Since TT isn't observing the zip-it rule, neither am I. Not after what he just said. It is just our 'opinion' anyway.

No. I do not want the Beavis and Butth-head crowd running wild and free with invasive, exotic species of plant and wildlife -- animal husbandry or otherwise. Not in my beautiful neighborhood. I love our native wildlife and vegetation too much to allow anything to upset the balance of that. I'm just about ready to put some humans on the invasive species list as well.

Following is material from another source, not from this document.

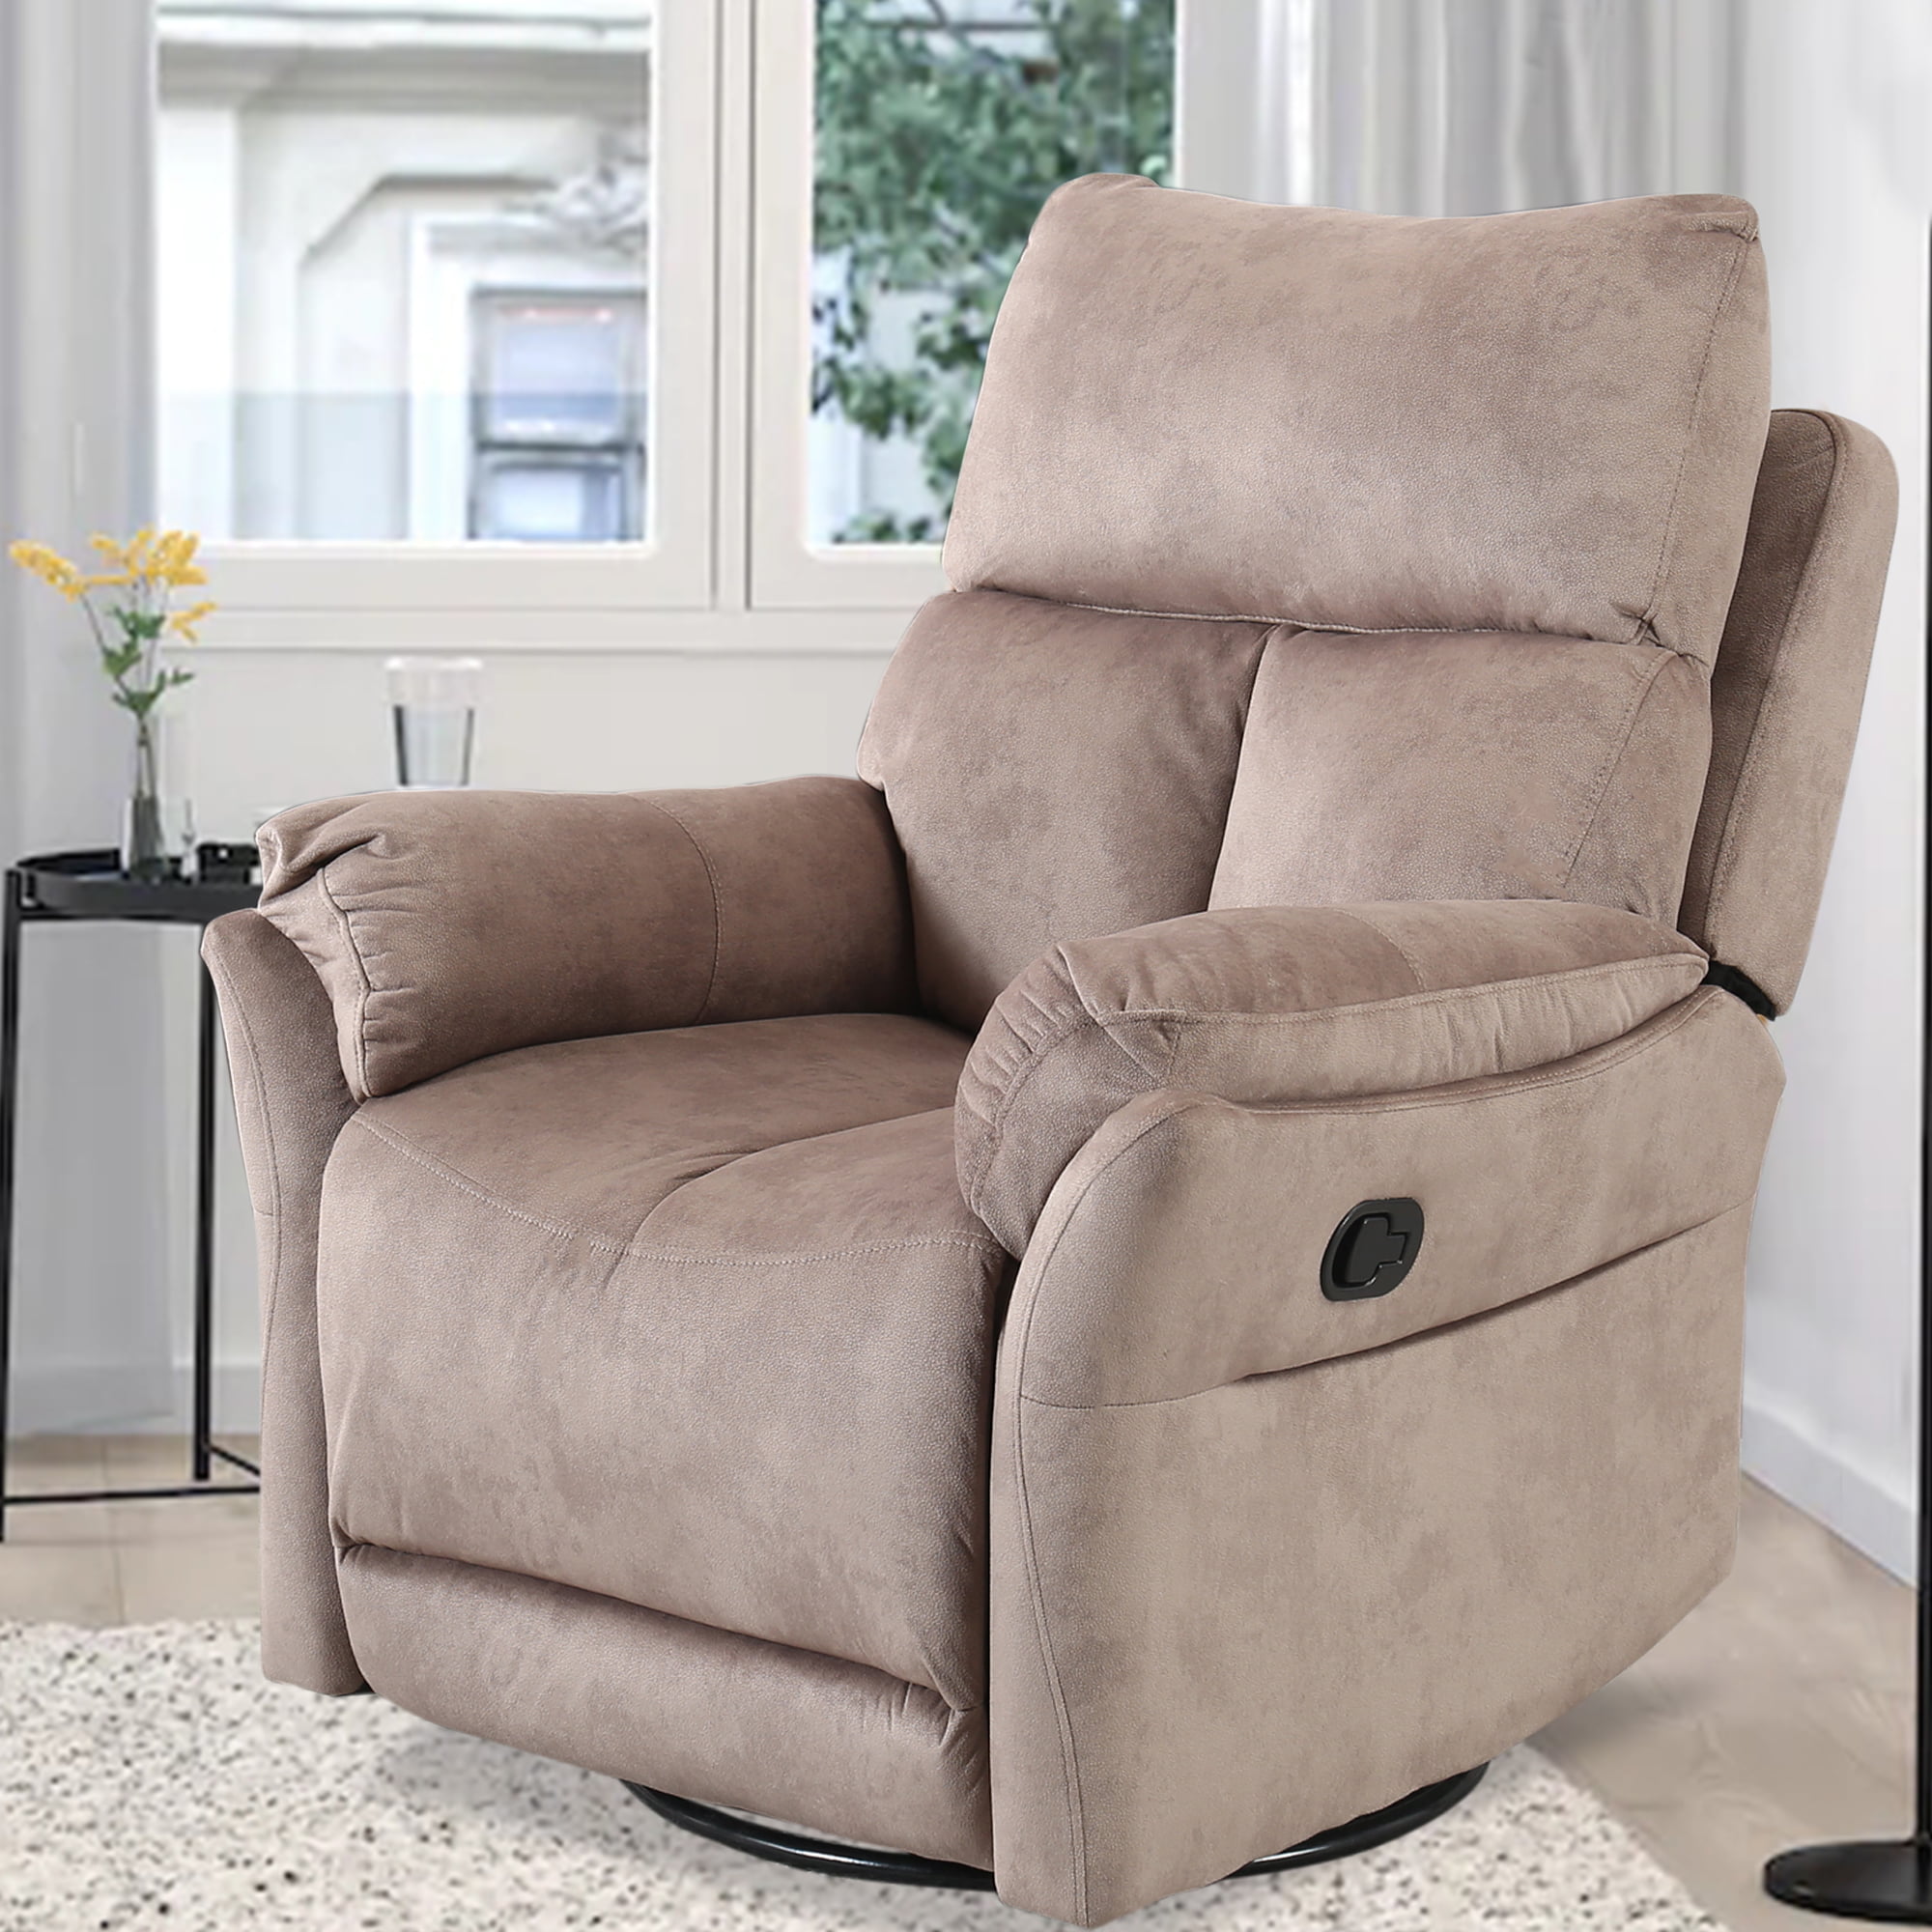 Details about   Beige Microfiber Arm Chair Recliners Manual Armchair Lazy Chairs Tan Recliner

Doctors are a whole other subject entirely.


----------



## Tentacle Toast (Jan 17, 2013)

...your native flora & fauna doesn't stand a chance against us, as you point out, the most invasive species of all. Fact is, there's not that much money in the profession as a whole, minus very few examples. Not too many people dedicate their lives to the cause, at least professionally. If professional credentials are required by all who wish to participate, then you're going to see extinctions happen on a much grander scale. When a new industrial "park", golf course, housing development, or the like paves over the several acre patch that your favourite ____thinks is the only suitable place for egg deposition/courting/nesting/etc, then I hope you have a good memmory & took lots of pictures. No one wants buffoons involved, but if dealing with a few bad apples is what it takes, so be it. You can't regulate the world into a better place.

With regards to the "zip it" rule, I plum forgot, & I apologize. If it wasn't too late, I'd erase it. I saw someone else posted & read that post without rereading the entire thread. Mine is just one opinion, & thistle has a pretty good point to counter. Just look at Florida. Irresponsible ownership has lead to various species of python(alone) decimating indigenous species in the everglades. This is definitely a valid rebuttal, but the practices leading to this are the result of a very small number of offenders. There's more than a passing resemblance to the gun debate.


----------



## drfrancov (Sep 29, 2012)

Took it brother!


----------